There’s an added problem, however, and that is: are student grammars really that descriptive? After all, the so-called pedagogic grammar – which purports to be a sub-set of the rules of descriptive grammar – is by definition selective. It selects some usages and ignores others. And the usages it selects are those that are considered standard – or the norm.  But a norm is only a norm because it has been accepted by a speech community as such. It has been validated.  What the grammar describes is what the speech community prescribes. As Cameron (1995) argues, “there is no escape from normativity”.

Moreover, in order to obviate the messiness of exceptions, pedagogic grammars tend to be more assertive than they need to be – often at the cost of accuracy. Rather than stating rules, they issue edicts.   (Perhaps they should be called ‘pedantic grammars’).  So we get:

Some verbs are used only in simple tenses. For example,  “You cannot say ‘I am knowing’. You can only say I know. (Murphy, 1985, p. 6)

And they use the ‘we’ word a lot, too. So you get:

We can make negative sentences with nobody, nothing… With these words, we do not use not…:

He said nothing. (NOT He didn’t say nothing)

(Swan & Walter, 2001, p. 114).

Who is this we? At times, it starts to sound a little like the royal we. It starts to sound very prescriptive. No wonder my students get confused.

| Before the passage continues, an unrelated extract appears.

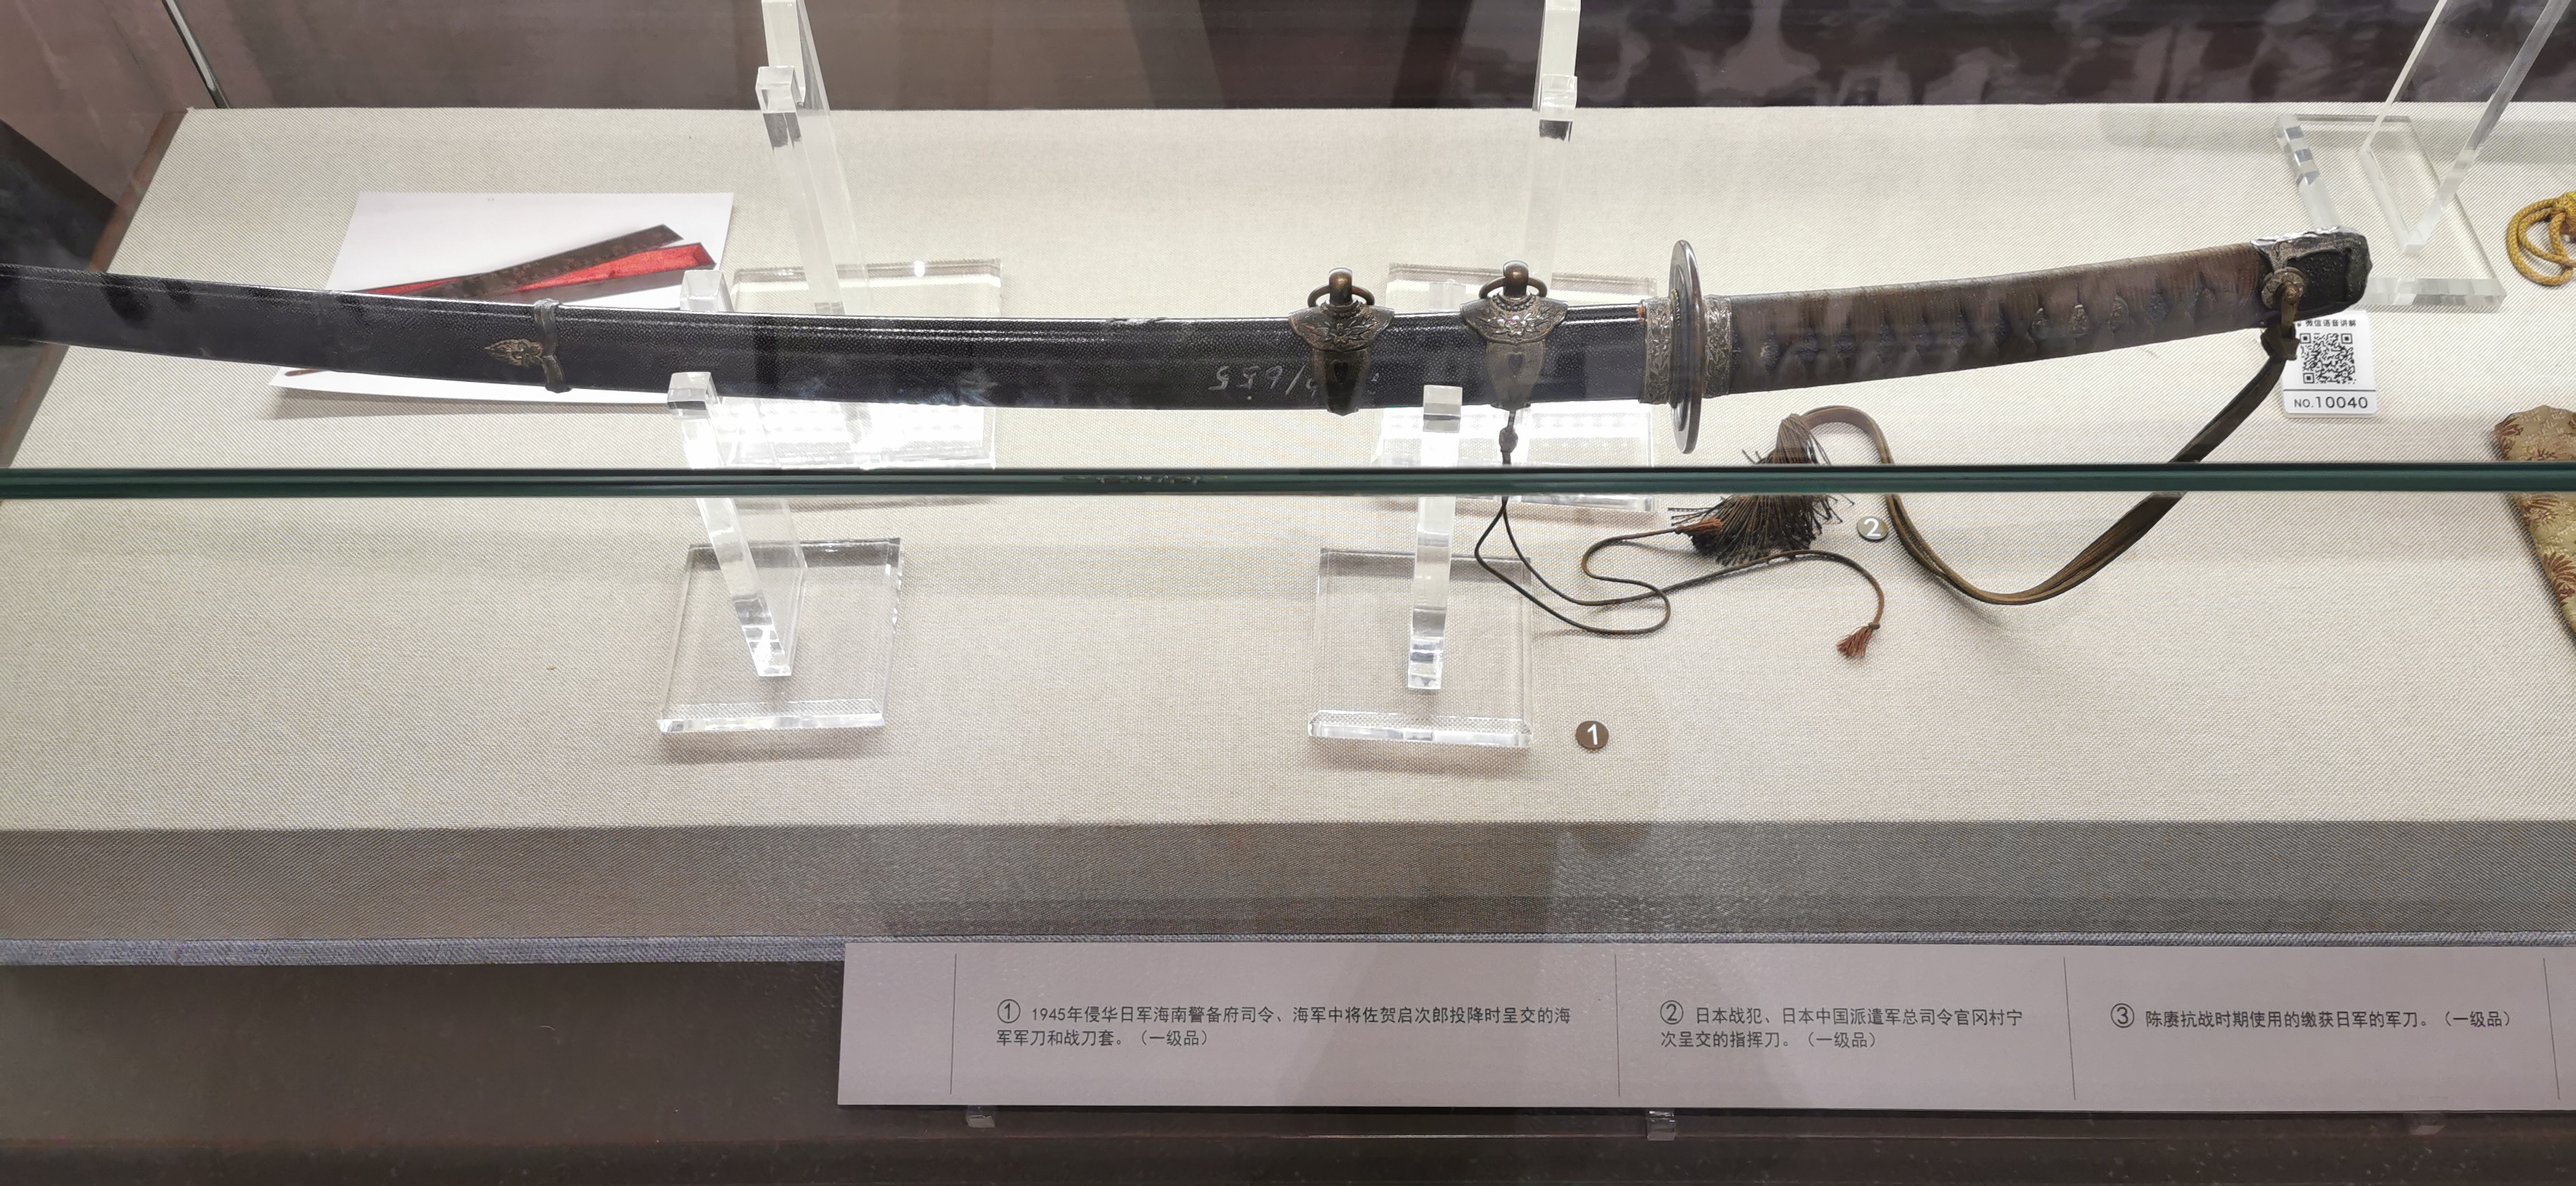 首都军事博物馆游记(重新编辑了一遍终于过审了)抗日胜利接收的军刀
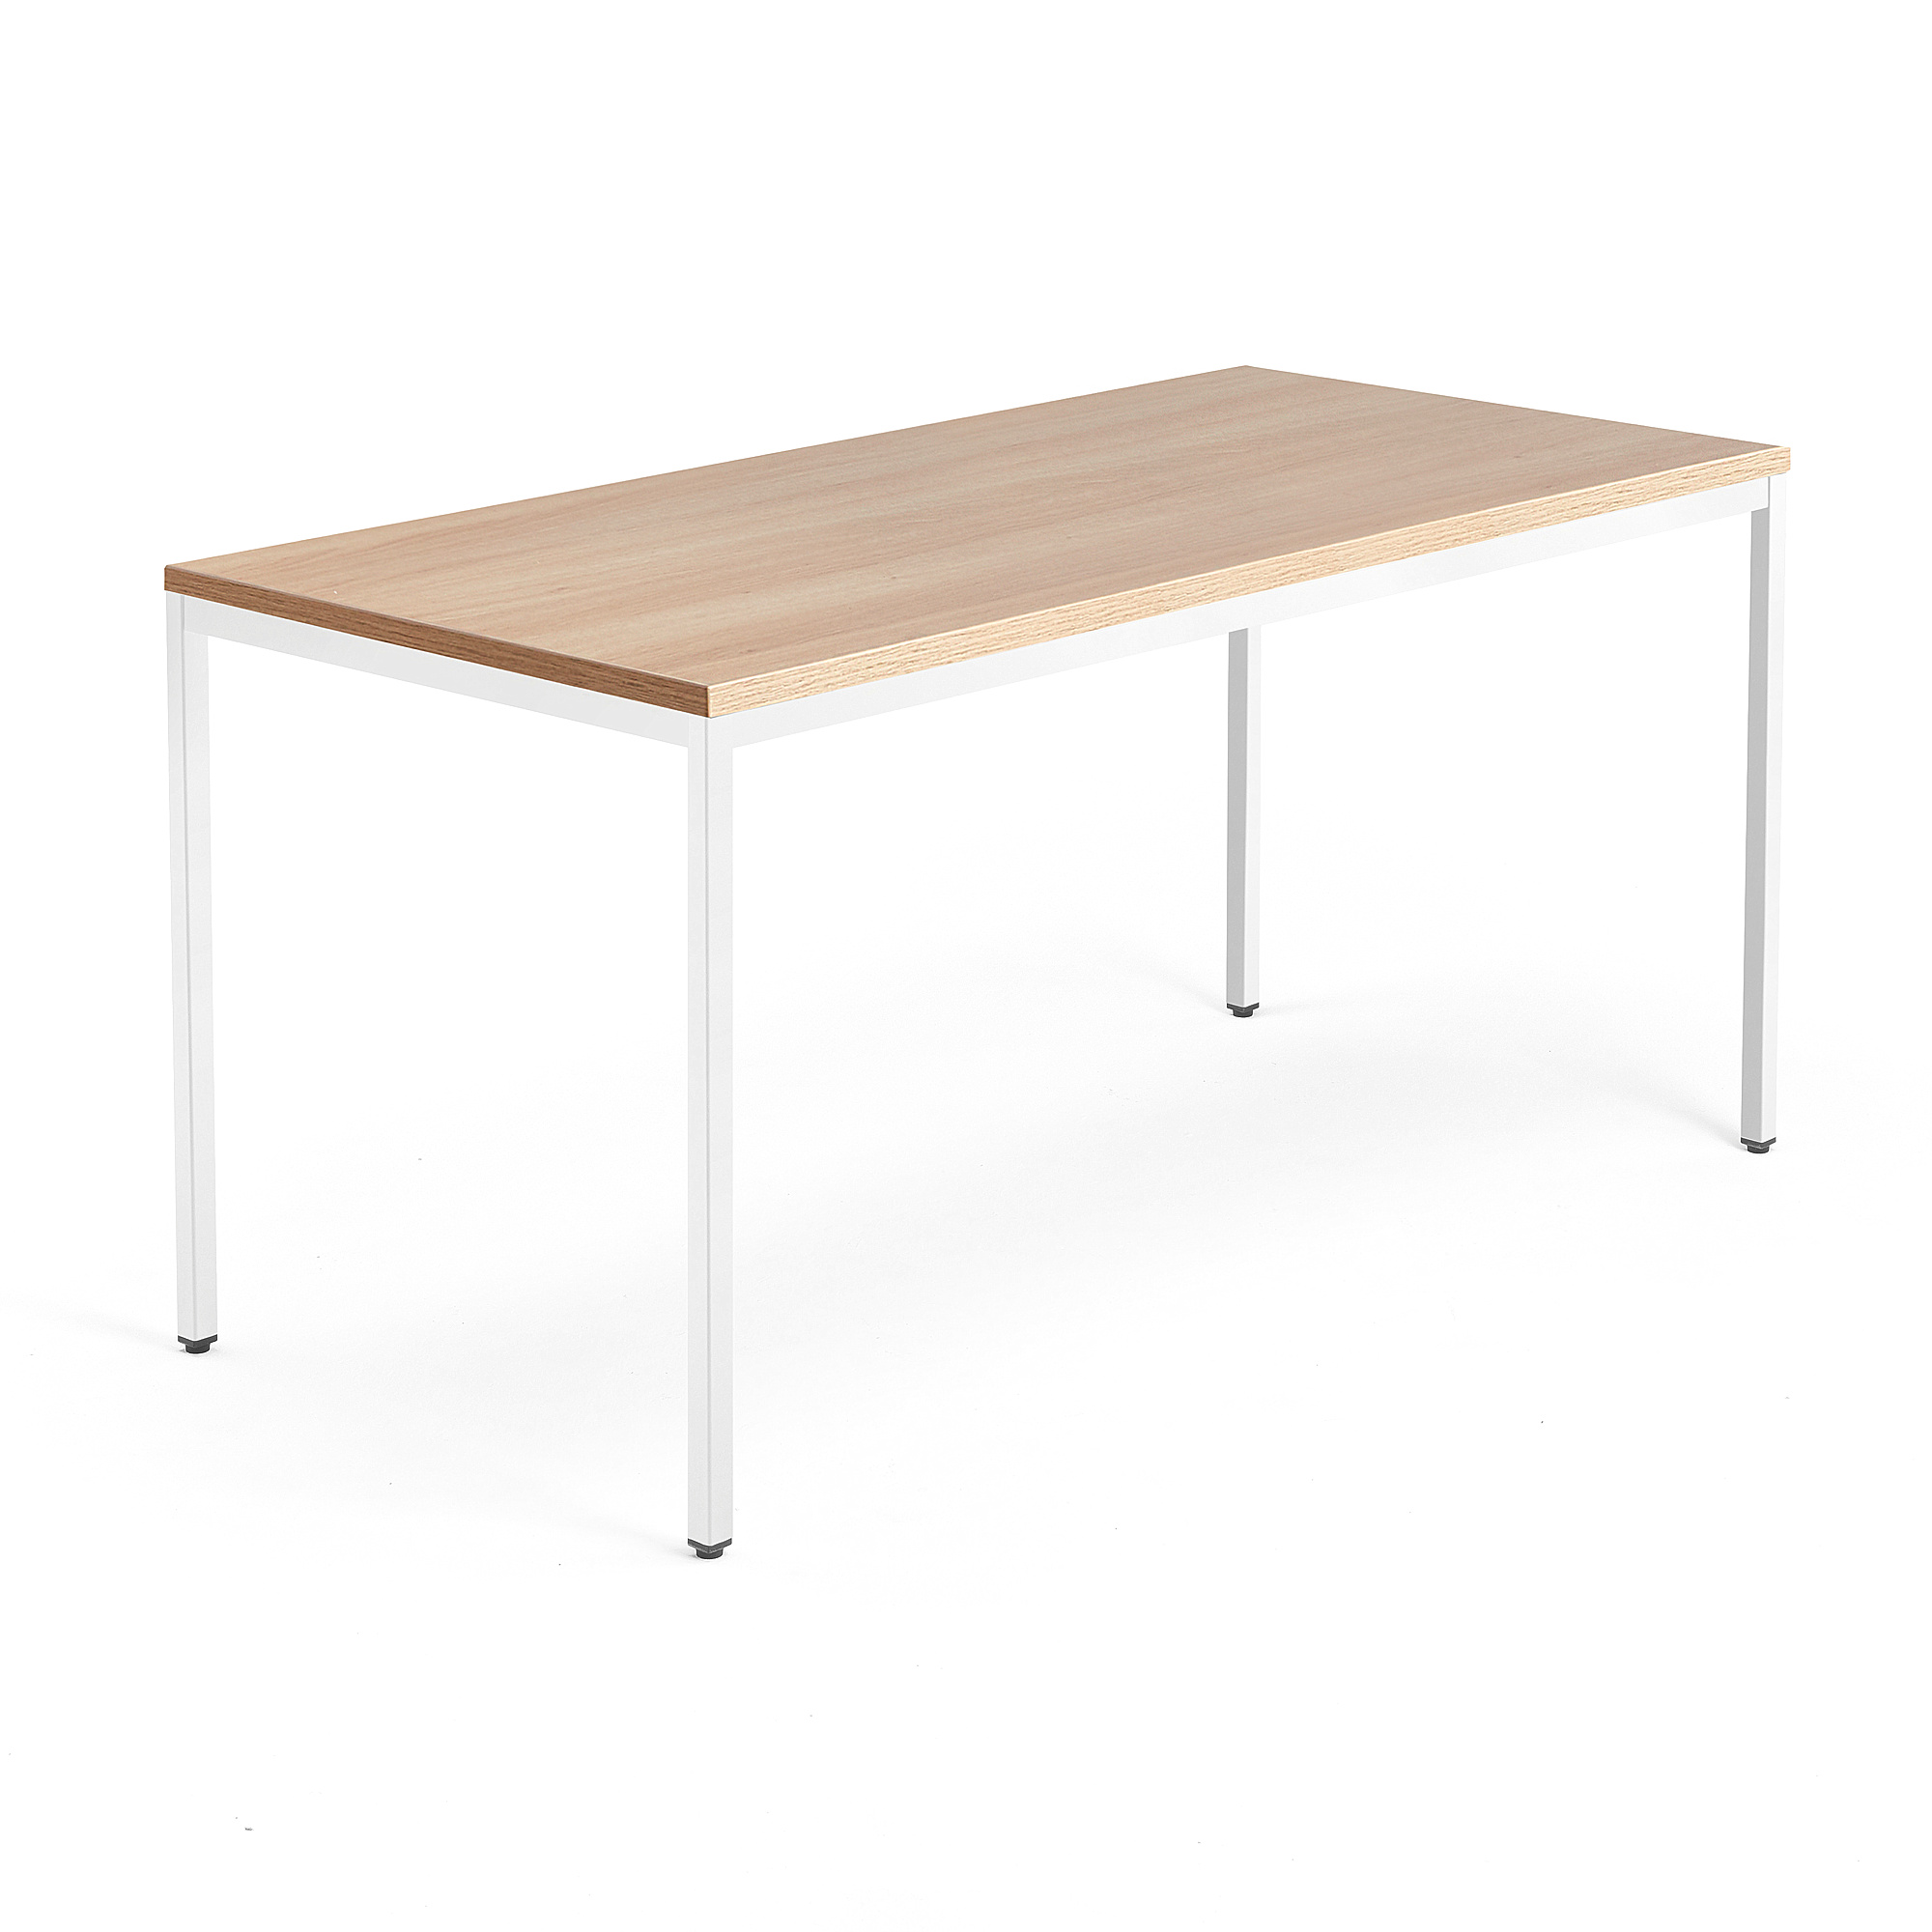 Jednací stůl QBUS, 4 nohy, 1600x800 mm, bílý rám, dub

Not just my students – there is a strong sense generally that description = good; prescription = bad. Nevertheless, there is one area of language teaching where most teachers are happy to be prescriptive, and that is vocabulary. We regularly caution students not to use words that are considered offensive or vulgar, even if they are commonly used by native-speakers. Dictionaries do the same. They shamelessly prescribe. And, because of this, they are excellent sources for tracking shifts in cultural values. Consider the two entries (below) from the first edition of the Oxford Advanced Learner’s Dictionary (1948) and the same entries from the 6th edition (2000).

Click to enlarge

Click to enlarge

This should serve to remind us that, as Cameron (op. cit) puts it, “we are all of us closet prescriptivists”.  As she explains:

I have never met anyone who did not subscribe, in one way or another, to the belief that language can be ‘right’ or ‘wrong’, ‘good’ or ‘bad’, more or less ‘elegant’ or ‘effective’ or ‘appropriate’.  Of course, there is massive disagreement about what values to espouse, and how to define them.  Yet however people may pick and choose, it is rare to find anyone rejecting altogether the idea that there is some legitimate authority in language’ (p.9).

References:

Biber, D., Johansson, S., Leech, G., Conrad, S., & Finegan, E. 1999. Longman Grammar of Spoken and Written English. Harlow: Longman.

Cameron, D. 1995. Verbal Hygiene. London: Routledge.

Fries, C. C. 1940. American English Grammar. Tokyo: Maruzen.

Murphy, R. 1985. English Grammar in Use. Cambridge: Cambridge University Press.

Swan, M., and Walter, C. 2001. The Good Grammar Book. Oxford: Oxford University Press.